THE ASCENT PROJECT AT SLIEVE DONARD
Showcasing the need for Management and Repairs
Slieve Donard is one of Northern Ireland’s two ASCENT project sites, located in the south of County Down. Slieve Donard forms the highest mountain in the Mourne Mountain range, and is the highest Mountain overall in Northern Ireland with a height of 850m above sea level. It is protected under a number of European designations; it is classified as an Area of Outstanding Natural Beauty, an Area of Scientific Interest and a Special Area of Conservation due to the sensitive heathland habitats which exist within the mountains.
The key challenges faced on this site are rapidly increasing visitor numbers, unrestricted access and the conflicting usage of the mountain by different stakeholders. The Glen River trail from Newcastle is the most popular route up to the peak, with over 90,000 visitors ascending the mountain through this way. The path is popular with hikers, runners, challenge events, sponsored walks and mountain bikers. The path popularity is largely due to its origin in the seaside town of Newcastle, which is a popular tourist destination in the summer. This often draws a number of visitors up the trail who are ill-prepared for mountain hiking, which places considerable strain on the local Mountain Rescue and other emergency services in the area.
The management of the mountain can be difficult due to the high range of stakeholders who claim ownership of the area; NI Water services manage the South side of the mountain as a catchment area, local landowners have grazing rights to the upper Mournes, the Forestry manages commercial woodlands at the base of the mountain, and the Newry, Mourne and Down District Council are responsible for all car parks and rights-of-way associated with the area.
Through the ASCENT Project, the Mourne Heritage Trust’s task was to repair and modify existing tracks to the top of Slieve Donard, in order to create a more robust path network able to withstand increasing visitor numbers, increase safety on the mountains and to protect adjacent heathland communities from the effects of visitor footfall. A key aim for the charity was also to develop a feasibility study to showcase the need for more consistent management of upland areas, by employing a full time path repair team for the duration of this project and placing emphasis on volunteer involvement, constant effort and ‘Stitch in Time’ capacity building solutions which maintain the balance between competing environmental, economic and social interests.

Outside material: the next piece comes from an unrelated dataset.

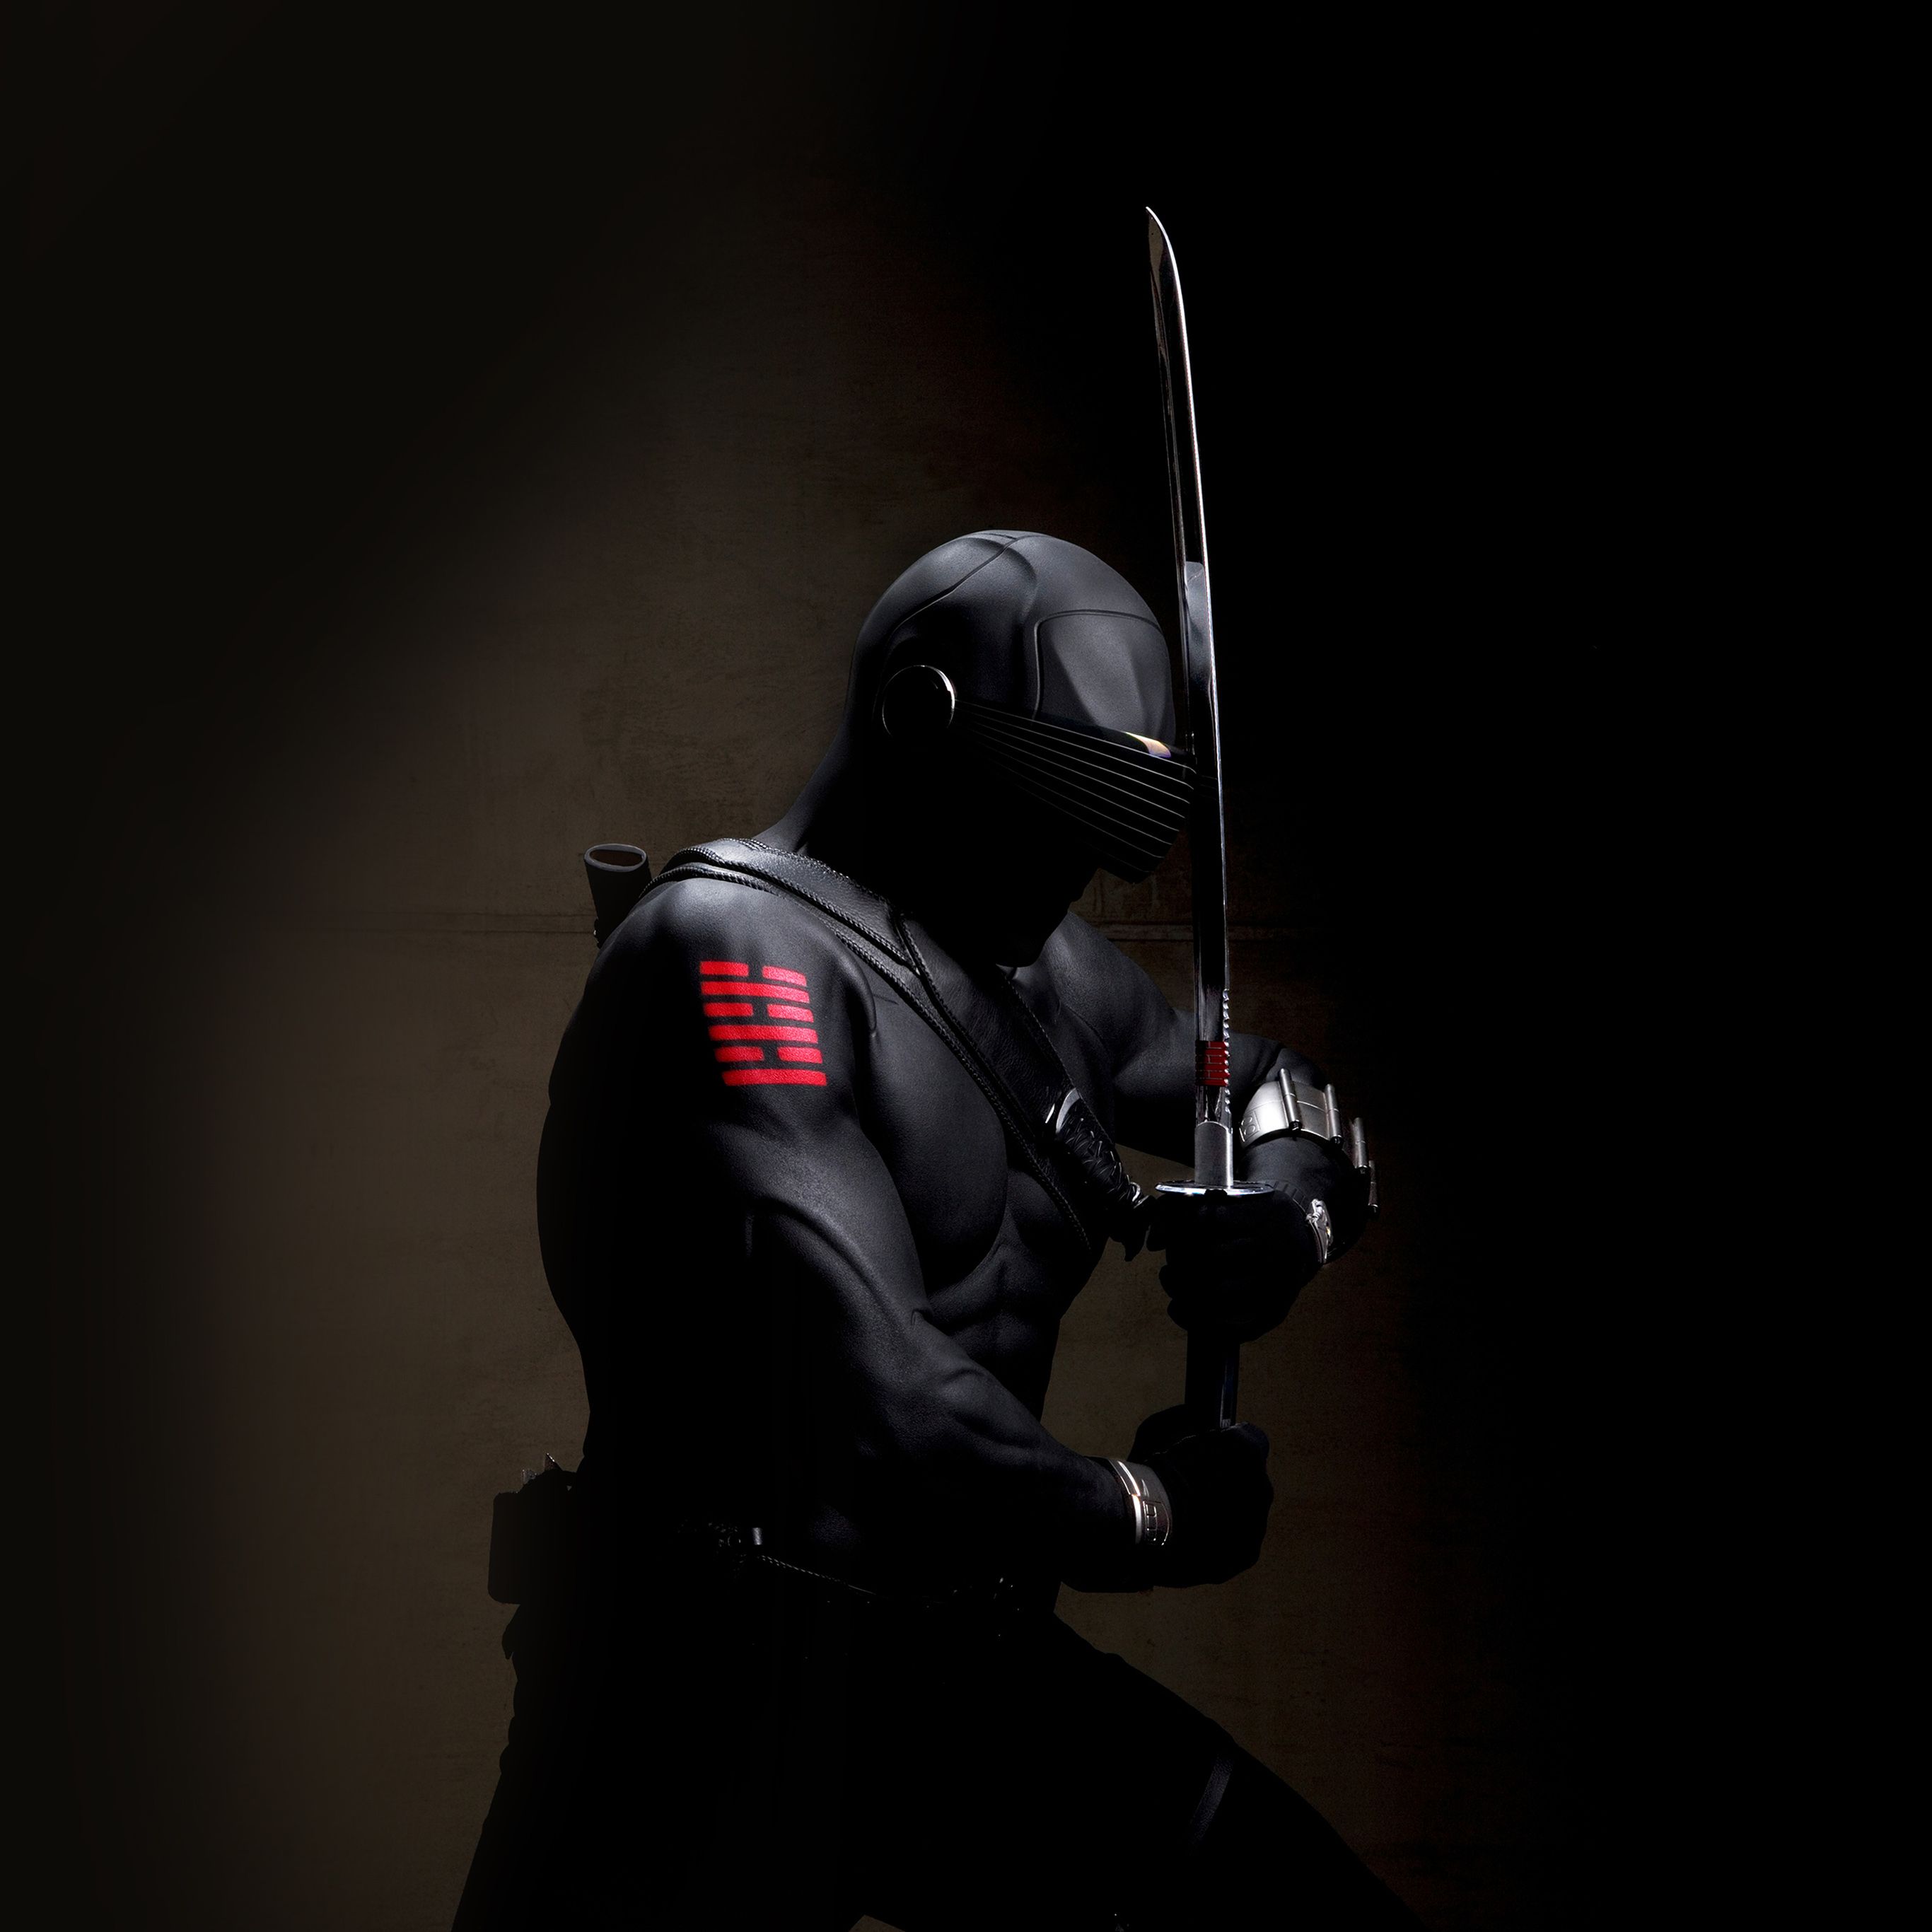 Ninja For Android Wallpapers
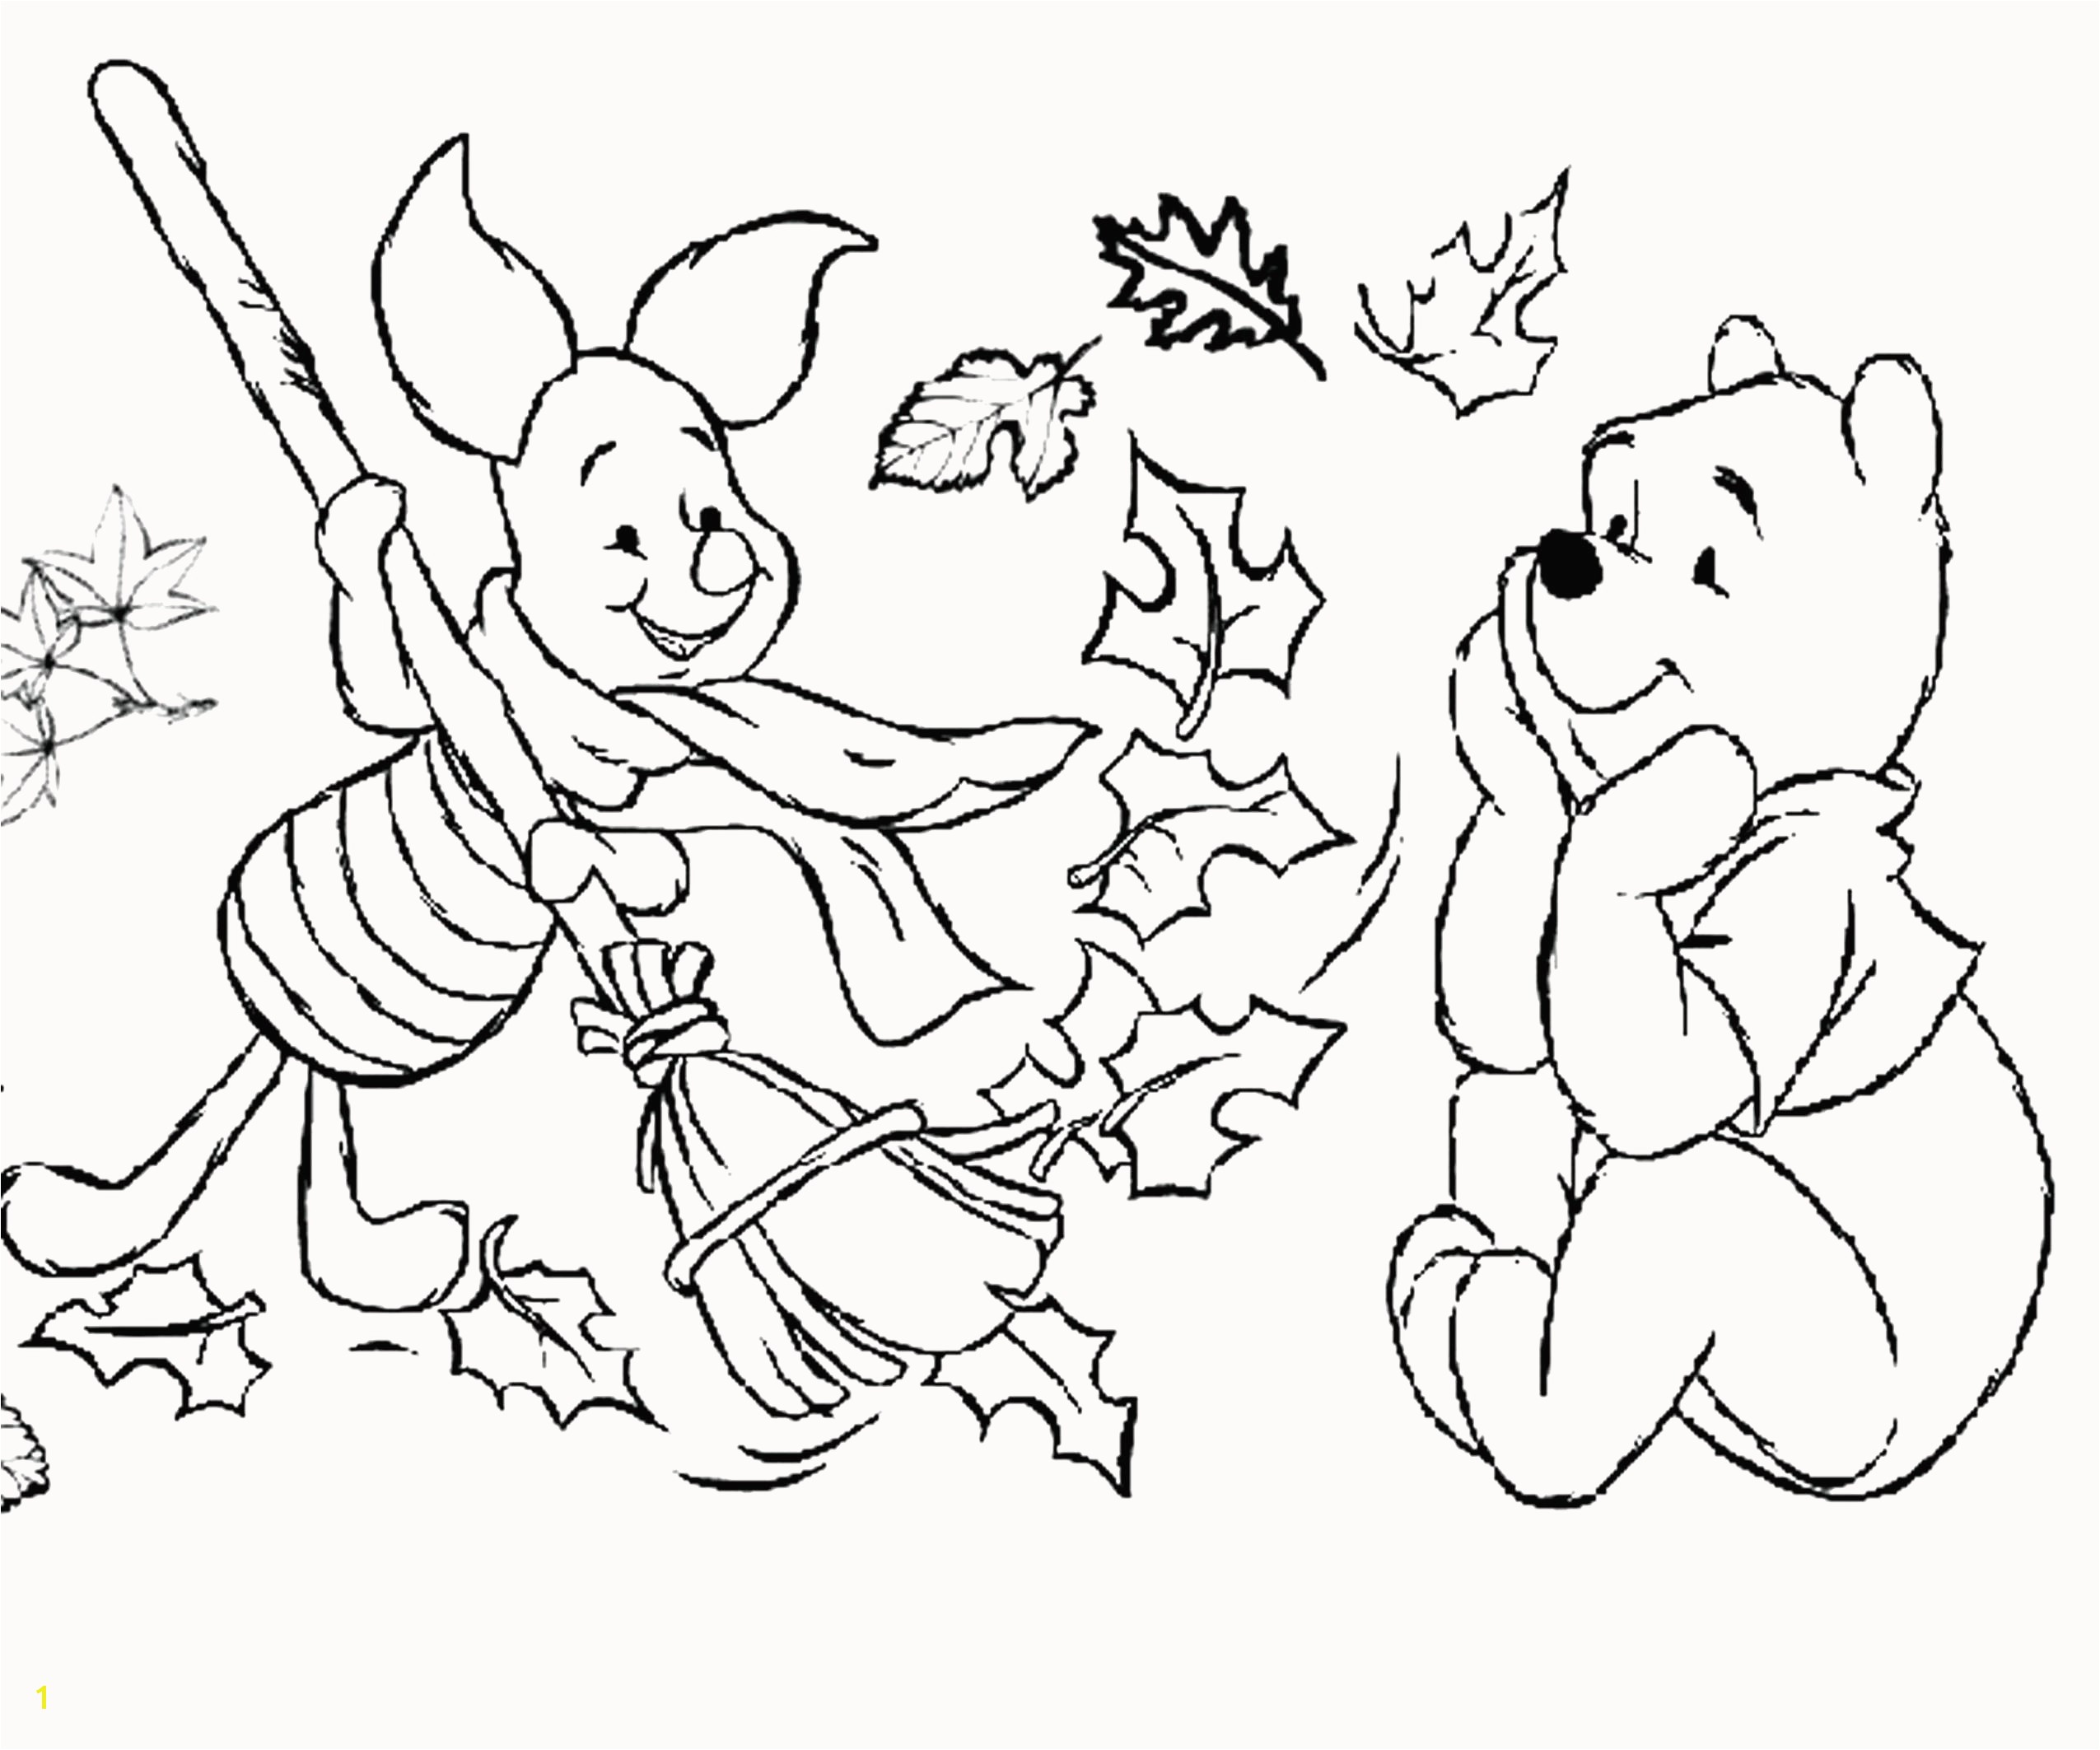 Doubting Thomas Coloring Pages

A final aim is to develop capacity, international learning and knowledge sharing across all ASCENT Project Partners and beyond. This is being achieved by trialling new technologies for knowledge sharing; particularly media, social networking, film making, mapping, and new information platforms. A ‘Path Work’ training course is also currently under development for land managers.
Working in partnership, and developing networks of support for land managers across all project partners is vital in order to secure our upland areas for years to come. The ASCENT Project has facilitated opportunities to establish these relationships and networks which will be paramount as we face future challenges.
Did you know?
The name ‘Slieve Donard’ comes from the name of a local Christian missionary, Saint Donard (Sliabh Domhanghairt), who is said to have appropriated the mountain for Christianity in the 8th Century. Before this, the mountain was known as Sliabh Slángha, or “Slángha’s mountain”, referring to the mythical Slángha, son of Partholón, who was said to be the first physician in Ireland.
Mr. Matthew Bushby
Ascent Project Partner
WHAT OUR COMMUNITY HAS TO SAY
I love the Mourne Mountains and I feel really lucky to have such a great area to explore and enjoy. Seeing the ASCENT Path Team working hard is great as I think it motivates others to value and take care of the area, and I appreciate all the hard work that goes into taking care of the paths.
— Judith Franklin
Portadown, County Armagh – Hiker
The ASCENT project has provided momentum for shared initiatives and closer partnerships between the National Trust and Mourne Heritage Trust, as we work towards the common goals of sustainable access and habitat conservation in the Mourne Mountains.
— Patrick Lynch
Conservation Lead Ranger, National Trust, Murlough Nature Reserve & Mourne
The Mountains have a lot to offer for people of all ages. We visit the Mournes regularly to keep our young ones active with walking, biking, exploring caves and seeing new sights. We love that the ASCENT project is making it possible for more people to enjoy the area without damaging it in the process by making sturdy paths. It means our kids will be able to keep enjoying the area for many years to come!